“I don’t even remember what Tesla’s sales numbers are. I’m much more focused on my own numbers,” says Stella Li, president of BYD Europe, the Chinese electric vehicle maker.
Li’s dismissiveness is more than likely performative. Surely no major car company executive is unaware of what their competitors’ sales might be. But it is also indicative that she has her eyes on a much bigger prize than merely giving Elon Musk an earnings-call headache.
Li is one of BYD’s most senior executives and was recently recognised by Time Magazine as one of the 100 global business people most influencing action on climate change, but in spite of BYD regularly vying with Tesla as the world’s biggest seller of electric cars, apparently she’s not that bothered about what the American car maker does.

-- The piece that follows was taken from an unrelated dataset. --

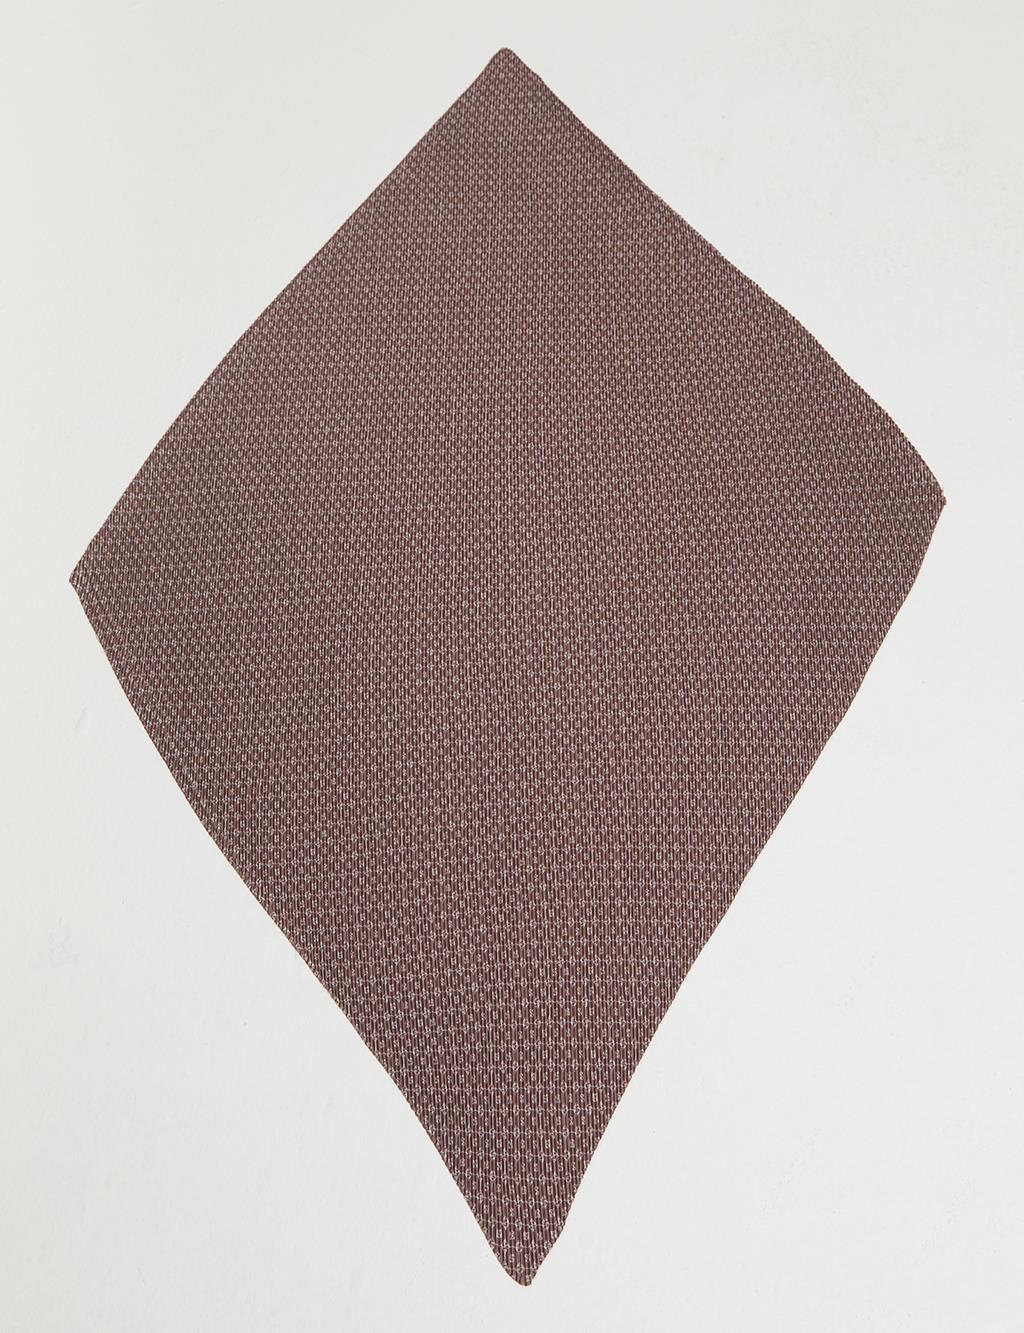 Плиссированный шарф с шестиугольной монограммой Молочно-коричневый Kayra

BYD – Build Your Dreams – is one of China’s most influential companies. It has grown from a small battery maker, founded in 1995, to a company that does it all, from making its own cars in an ever-growing line-up of BYD and sub-branded models, to being a key supplier of batteries for phones to the likes of LG and Motorola.
It is also at the centre, alongside some of its compatriot car makers, of a global political storm. The European Union is warily circling the Chinese car brands, accusing them of using vast government subsidies to create an unlevel playing field with the big European brands. Higher tariffs for Chinese electric cars have already been spoken of.
For BYD, it probably won’t matter much if the EU does start to impose higher tariffs as the company is already building a factory in Hungary, and expects the first European-market BYDs to be built there in 2025
In the US, Joe Biden’s administration is mulling action against Chinese brands over security concerns because the cars “collect large amounts of sensitive data on their drivers and passengers”.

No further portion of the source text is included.